The idea made me laugh. “Good for him!” I said. “But what about the Bizen sword—you didn’t get rid of that?”
“I was going to, but I couldn’t bring myself to somehow.”
“So you want
me
to look after it for you, eh?”
“If you wouldn’t mind.”
“But what’ll you do if the officer comes back?”
“I’ll tell him the Americans took it away. After all, the kind of man who’ll leave a family treasure with a geisha just because he’s afraid the Americans might catch him doesn’t
deserve
to have it back, does he?”
She had a point there. After I’d agreed to take it off her hands, I got an expert to have a look at it, and he said it was a fine piece of work. He wouldn’t name a figure, though, so it must have been quite valuable. I kept it around till only recently, but as there wasn’t much sense in keeping a sword at my age, I sold it to an antique dealer. I got a good price for it, too.
One of the “big spenders” at our games in those days was a guy called Tsukada Saburo, and his story’s worth telling you. I suppose it would have been about two months after the defeat that he first turned up. He came in carrying a big cloth bundle of money slung over his shoulder. Kamezo pointed him out to me.
“What do you think he is?” he said, looking worried. “Not one of
those
, I hope.” And he crooked his finger in the sign for a thief.
But when you heard what Saburo had to say for himself, you felt that “thief” didn’t do him justice. He was the kind of man, in fact, who makes you want to take your hat off to the human race. I mean, the way they won’t let anything keep them down for long.

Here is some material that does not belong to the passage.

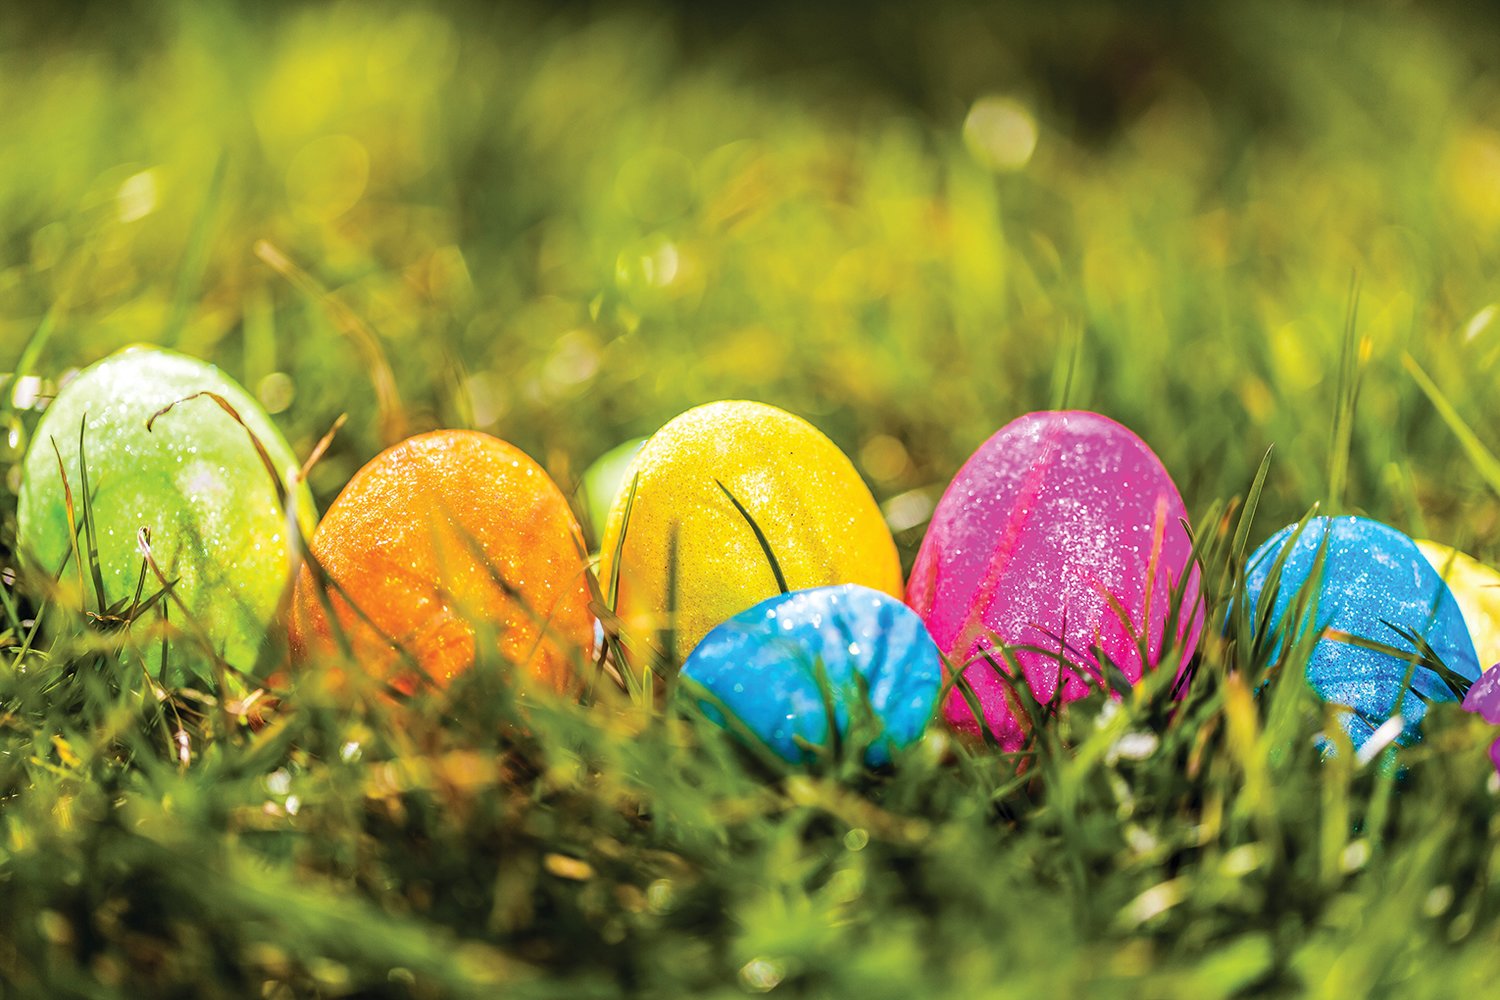 Augusta Presbyterian Church will hold its annual Easter egg hunt on Saturday, April 8.

He was the seventh son of a greengrocer, but he was turned out of home when he was still a kid. After that, he tried his hand at all sorts of jobs, and ended up a rickshaw man. That was just before the war. But since he only stood about four foot seven and was kind of scrawny, he was never called up. In due course, though, he was mobilized for war work, and the place they sent him was the naval air base at Tsuchiura.
A bunch of us were sitting there listening to him when he told us all about it.
“You ever been inside the base?” he asked me.
“I’ve been past it in the train, but never inside.”
“You wouldn’t understand what happened unless you’d actually seen inside. It was the biggest supply depot in the country. You name it, they had it. And within two weeks of the end of the war the whole lot had disappeared. I mean,
vanished
—without a trace.”
According to him, it was the Emperor’s broadcast—the one announcing the defeat—that started it all off.
“It made thieves of everybody,” he said. “There were some, of course, who wept and wailed about it, but most people were as pleased as punch. Up till then, you couldn’t so much as fart without written permission for some high-up, but now it was first come, first served. And there was this treasure trove right under their noses, waiting to be cleaned out before the Yanks got to it.
“It started with things like blankets and parachute material. They were falling over each other, dragging it out in great bundles and taking it home. The parachute stuff was silk, and worth its weight in gold. You had to be a fool not to try and nick your share.”
But that was only the beginning. Before long, he said, it wasn’t just the civilian workers and NCOs, but anyone else who’d heard that since the defeat you could get into the base without a special pass.
“They came in swarms, like ants. They barged into one warehouse after another—whichever was nearest—grabbed whatever came to hand, put it on carts, and hauled it off.
“The bigger things took a bit of organizing. What happened was, the local big shots used the name of some organization—the Agricultural Co-op or something—and applied to the Supplies Department for an official transfer of property. Not that the department had much clout by then, but they must have been on the take as well, and stamped the documents for them. So naval trucks were made available, and carried off loads of heavy stuff....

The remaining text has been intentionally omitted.